New Yorkers roar with applause when health care workers change shift at 7 nightly. Signs plaster buildings praising “essential workers.” But what happens when the nurse treating COVID-19 patients contracts the virus and is sick at home? What happens when the bus operator who accepts passengers without knowing who might have the virus tests positive and is hospitalized? Applause and appreciation will not cover their medical bills or support their families.
Since 1914, New York’s workers’ compensation law has protected workers and their families from the economic and medical consequences of work-related injury or illness. The system provides medical treatment and wage-replacement benefits for injured workers. If a worker dies because of a work-related injury, the surviving spouse, children and other dependents may receive death benefits.
So it stands to reason that the workers’ compensation system would provide compensation and medical protection for essential workers ill with COVID-19 in addition to benefits for the families of those who died because they were told to report to work. Unfortunately, that might not be the case.

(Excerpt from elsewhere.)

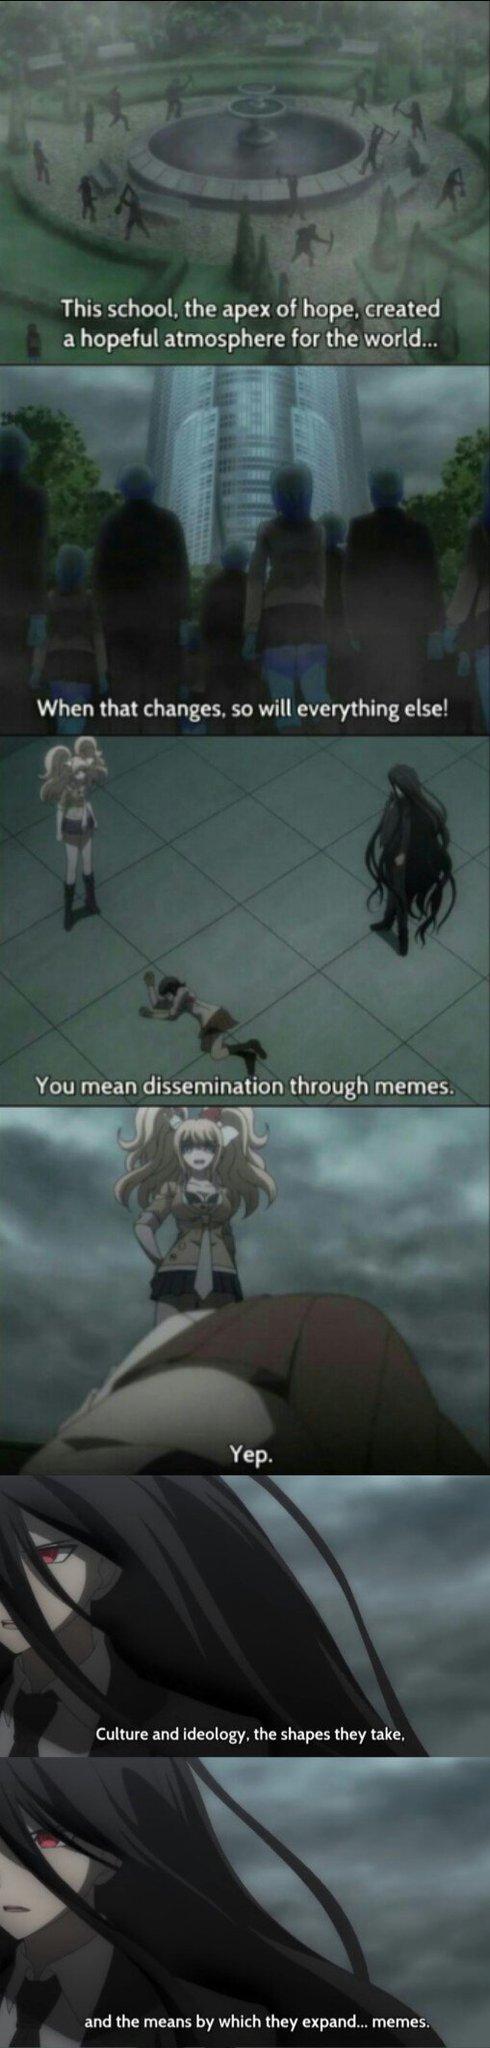 memes are evil ?!? :<

The law covers accidents and occupational diseases. An occupational disease is an injury or illness that is associated with the nature of the occupation whereas an accident is an illness or injury arising from a specific job-related incident or exposure. In both, the injured worker bears the burden of proving that he or she was injured at work.
For example, a health care worker must offer proof of the moment that he or she was directly exposed to COVID-19 at work and also connect the illness to that exposure to succeed in a claim for a work-related accident. This is an impossible burden, not to mention the fact that a health care worker cannot identify exposure to a patient without violating that patient’s right to confidentiality.
A health care worker could instead claim coverage as an occupational disease on the basis that exposure to the virus is a feature of his or her occupation as compared to other types of work. But even this seemingly clear-cut argument can present problems. For example, during the pandemic nurses who normally work in units such as obstetrics or orthopedics were reassigned to treat COVID-19 patients. It would be unsurprising if employers and insurers argue against coverage on the basis that exposure to infection is not typical of these jobs.
Other essential workers will have an even more difficult time obtaining workers’ compensation benefits. Because these workers are subject to the accident standard, they might be required to pinpoint a specific workplace exposure as the cause of their illness. How is a bus driver to know from which customer he contracted the virus?
Depending on how these issues are decided, thousands of essential workers with COVID-19-related illness could fall through the system’s cracks, leaving them without payment for time out of work or medical bills.
State officials must amend the law to include a presumption that essential workers who contract the virus did so as a result of their job. This would reflect that essential workers who commute to work in hospitals, grocery stores, buses and trains are at a greater risk than the millions of other workers told to work from home. It wouldn’t provide unlimited coverage – in legal terms, it would just shift the burden of proof from the sick worker to the insurance company.
At least 13 states have taken steps to make sure that their workers’ compensation systems cover essential workers with COVID-19. New York, with more essential workers and more cases of COVID than anywhere else in the country, has done nothing.
Essential workers need more than applause and kind words.
Sanjai Doobay is a workers’ compensation lawyer in Farmingdale.